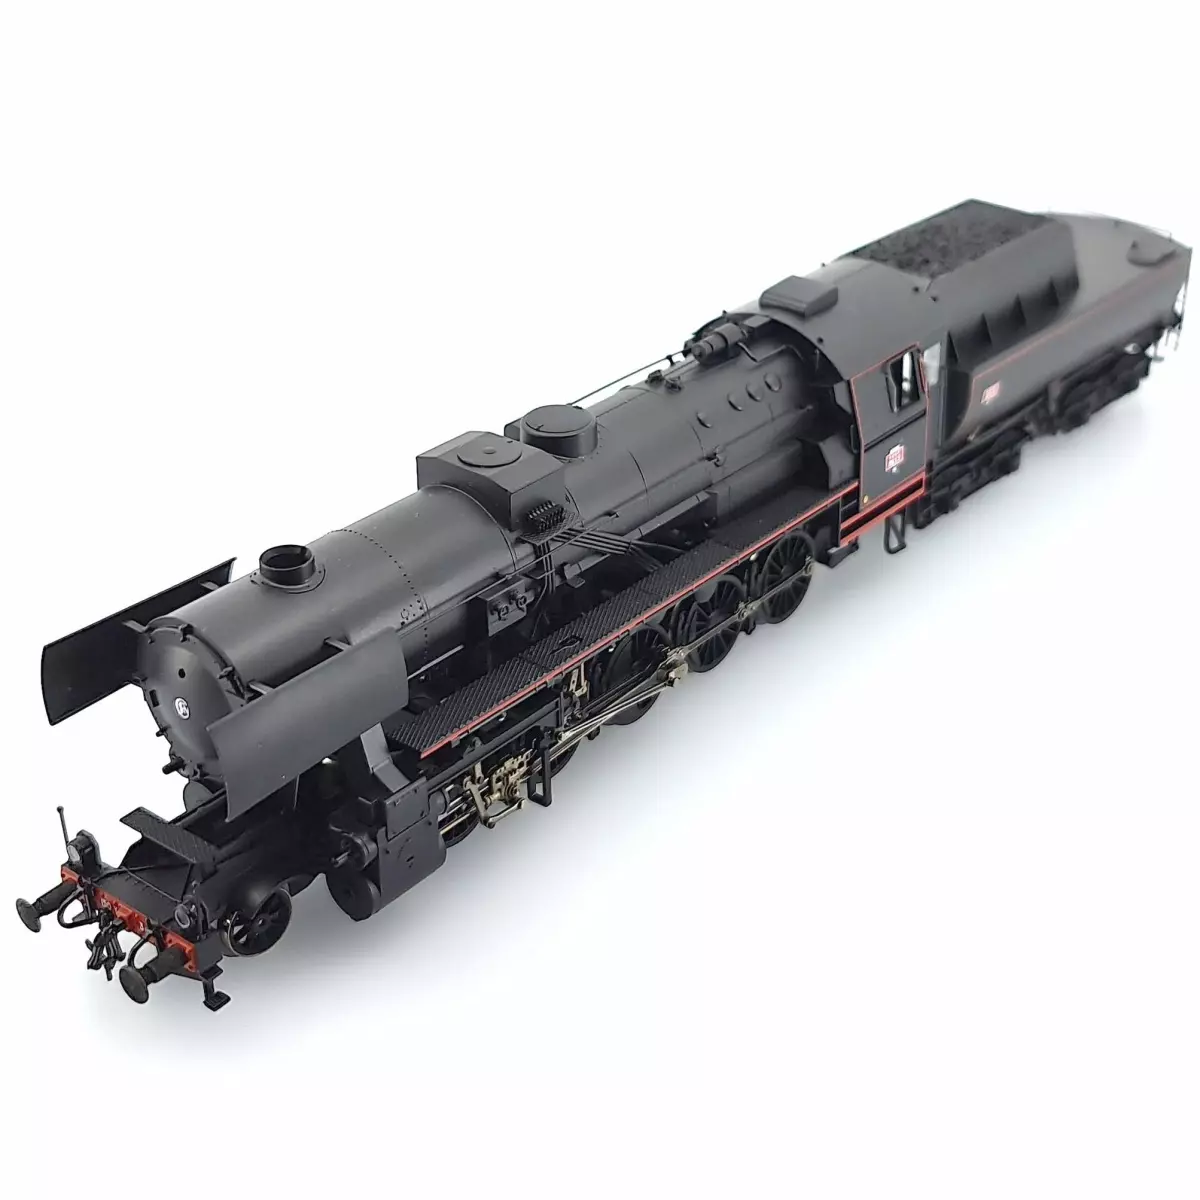 Locomotive Ã  vapeur 150 Y Roco 78280 - HO : 1/87 - SNCF - EP III - analogique
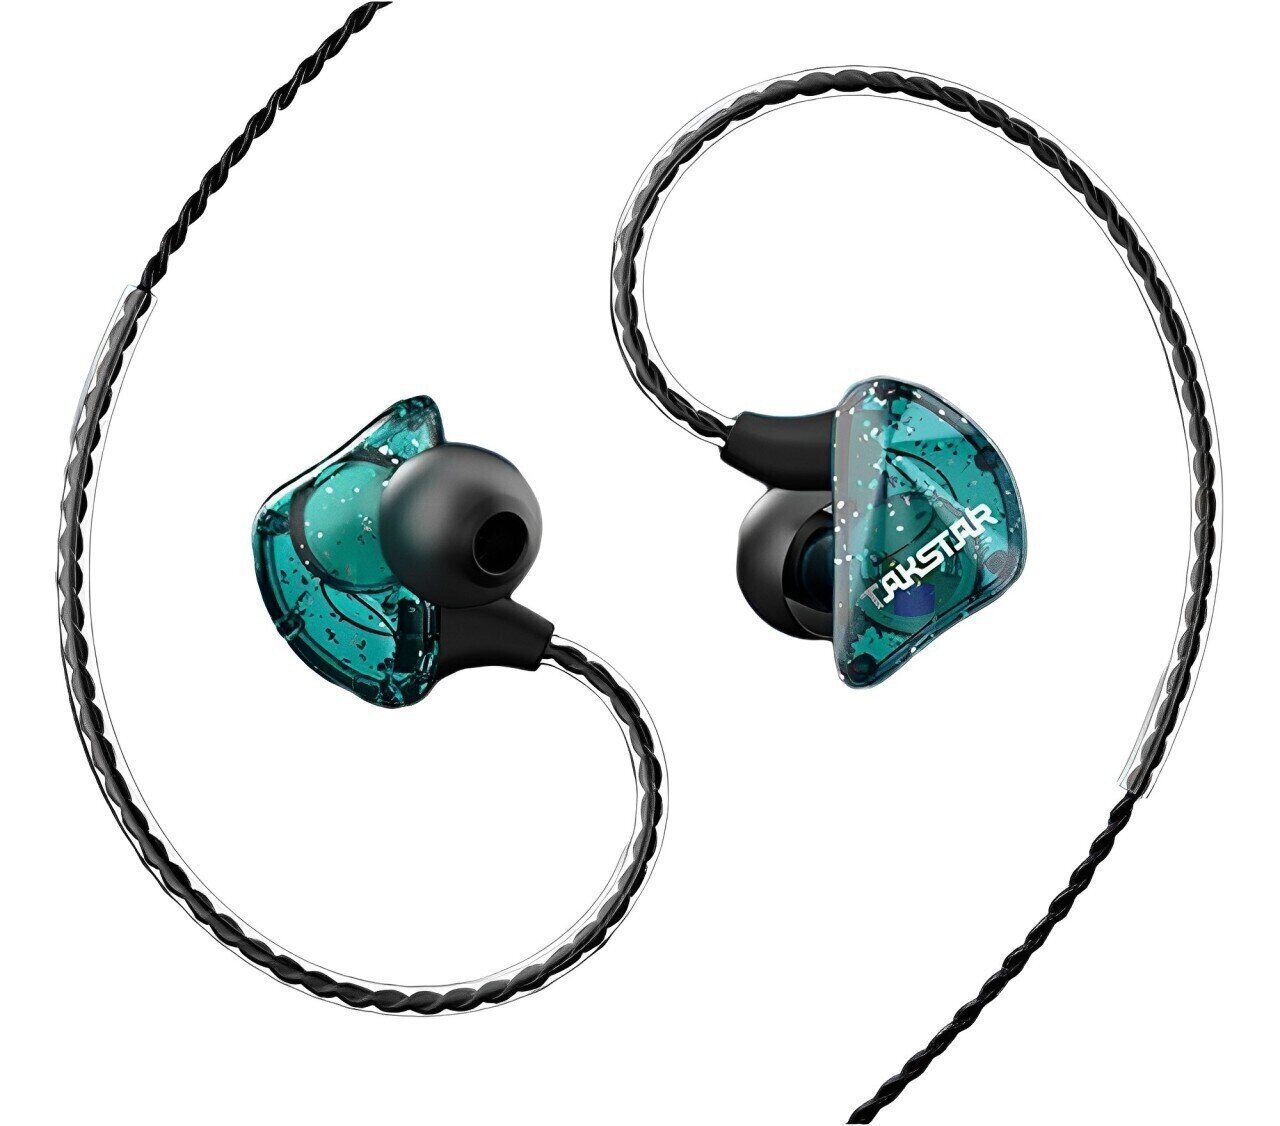 Ear Loop headphones Takstar TS-2300 Blue In-Ear Monitor Earphones
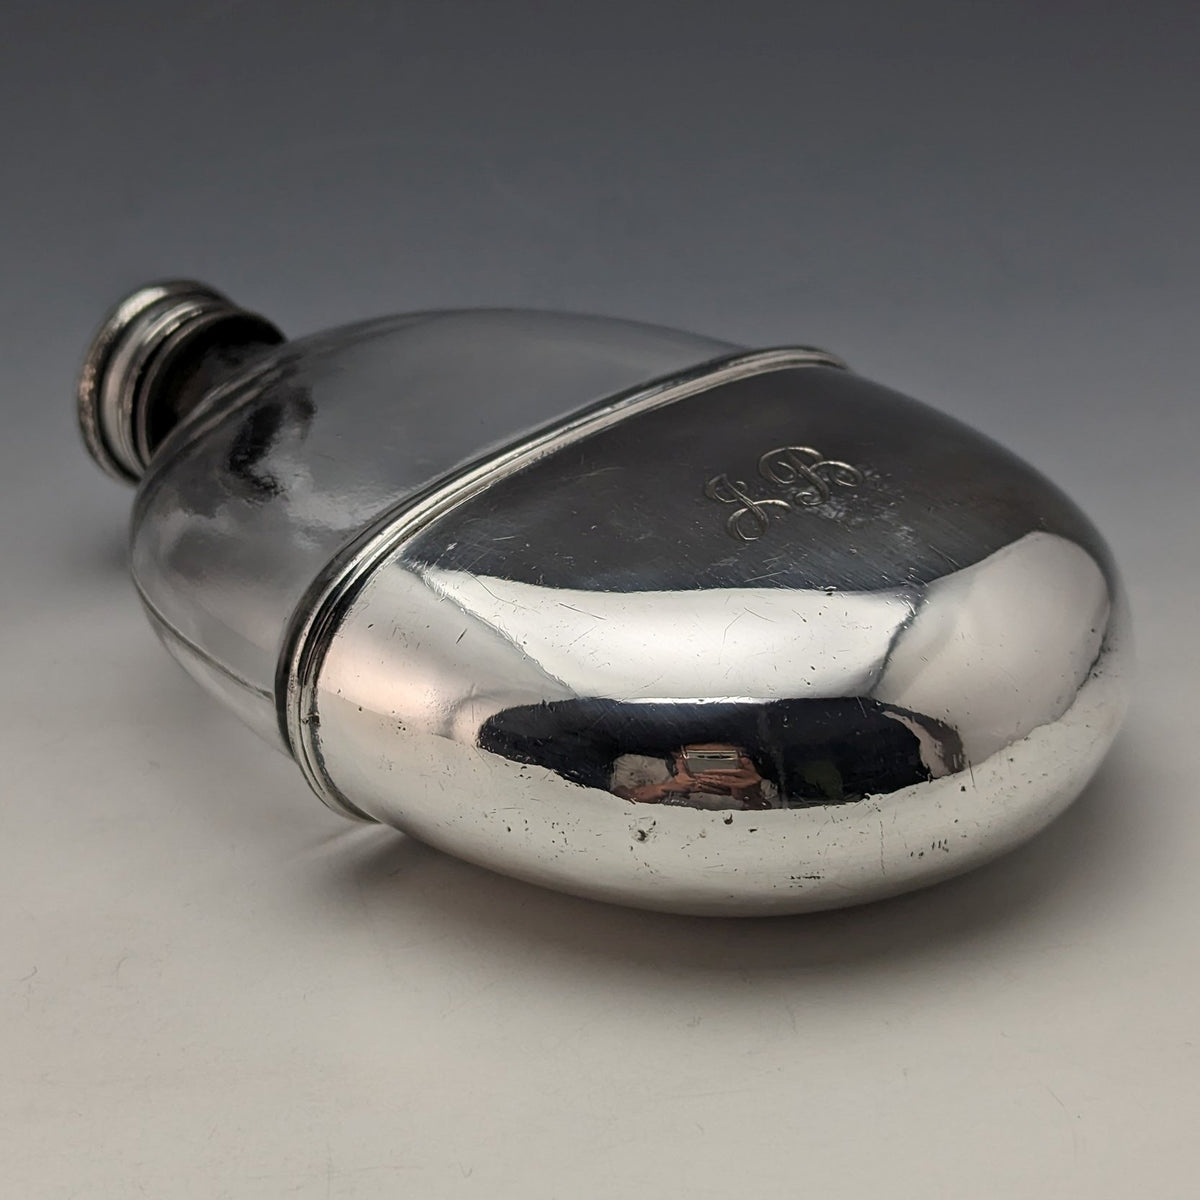 目立った傷や汚れのない美品機能1900年 英国アンティーク シルバープレート装飾 オーバル型ガラススキットル ヒップフラスコ
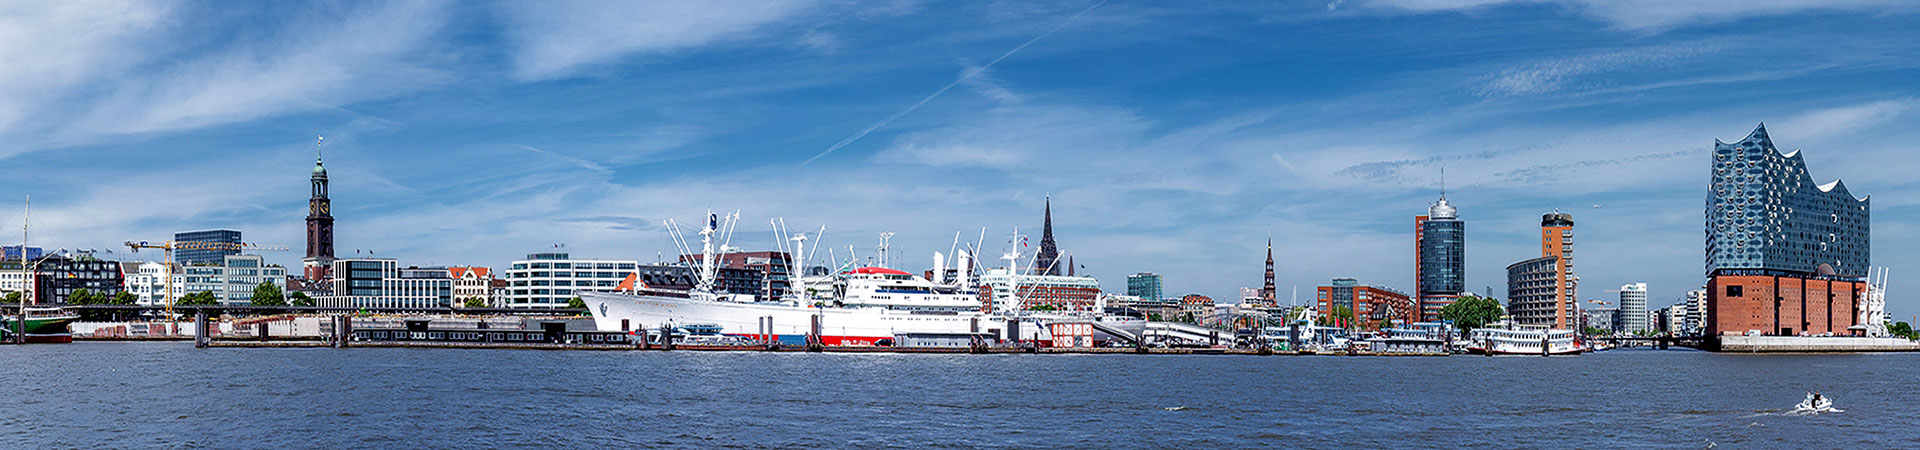 Hamburger Hafencity und Elbphilharmonie
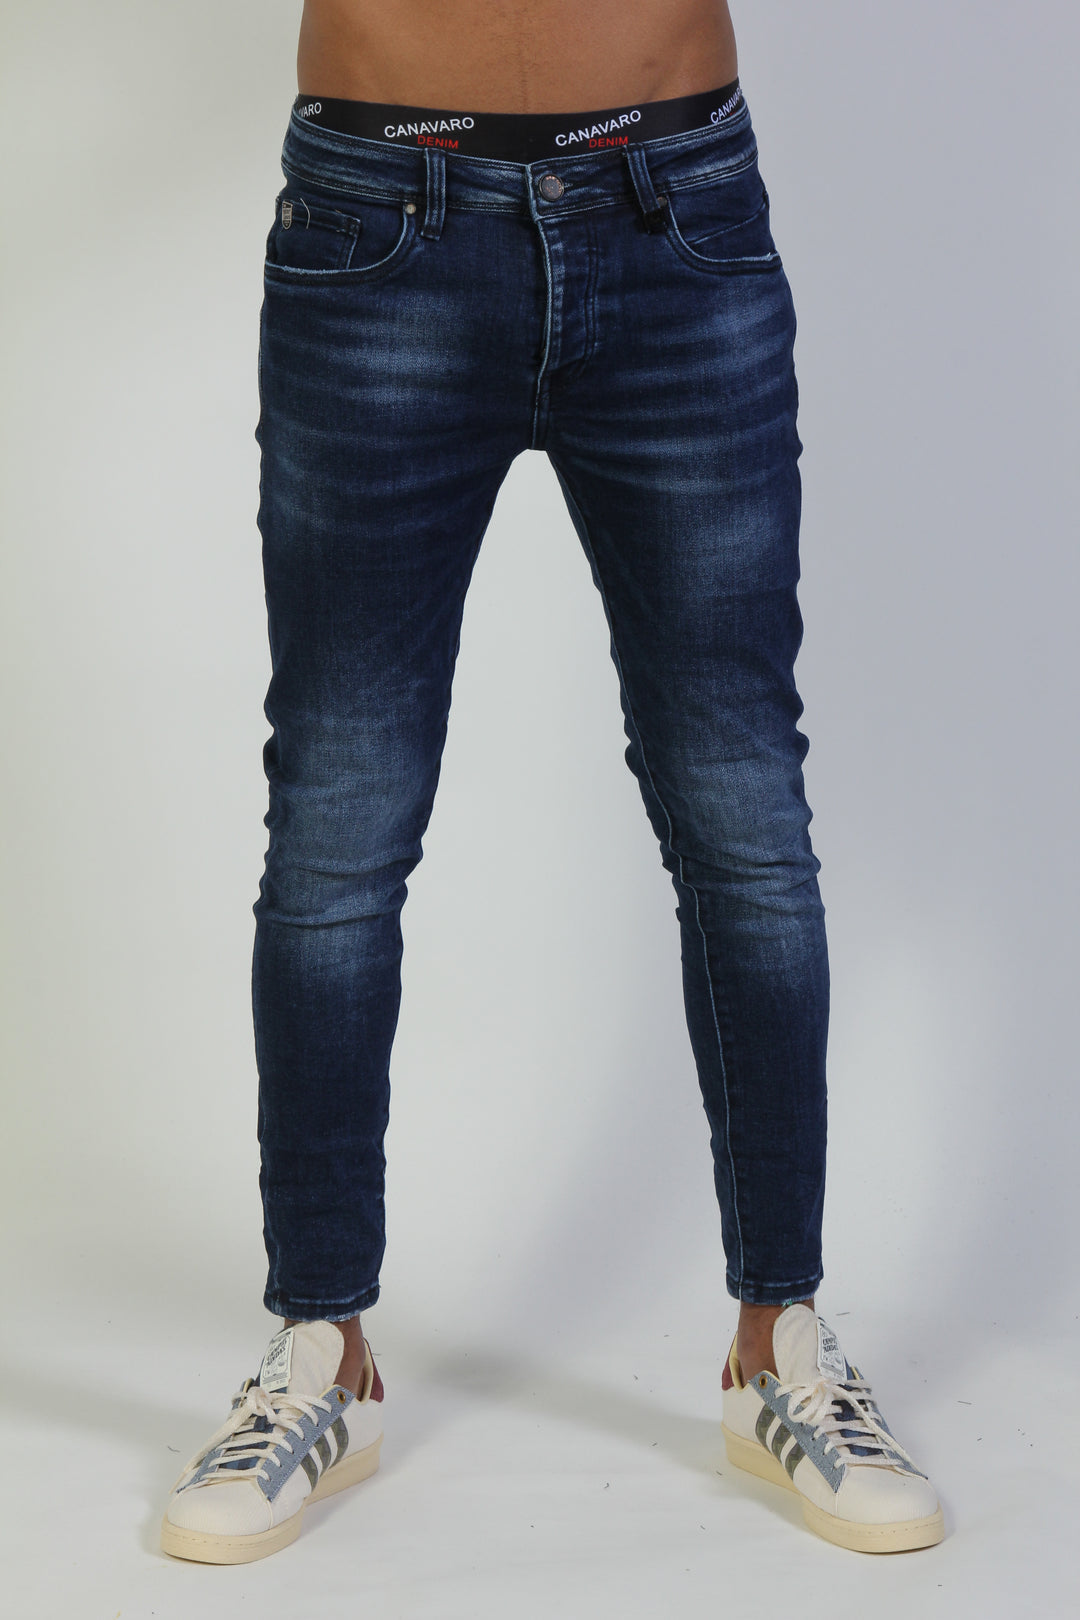 0018 ג'ינס סופר סקיני - canavaro jeans

- - -

Make an exact copy of the listing, with no images in it.

**Result of the task:**
 Locomotive Ã  vapeur 150 Y Roco 78280 - HO : 1/87 - SNCF - EP III - analogique
 Ear Loop headphones Takstar TS-2300 Blue In-Ear Monitor Earphones
 目立った傷や汚れのない美品機能1900年 英国アンティーク シルバープレート装飾 オーバル型ガラススキットル ヒップフラスコ
 Hamburger Hafencity und Elbphilharmonie
 0018 ג'ינס סופר סקיני - canavaro jeans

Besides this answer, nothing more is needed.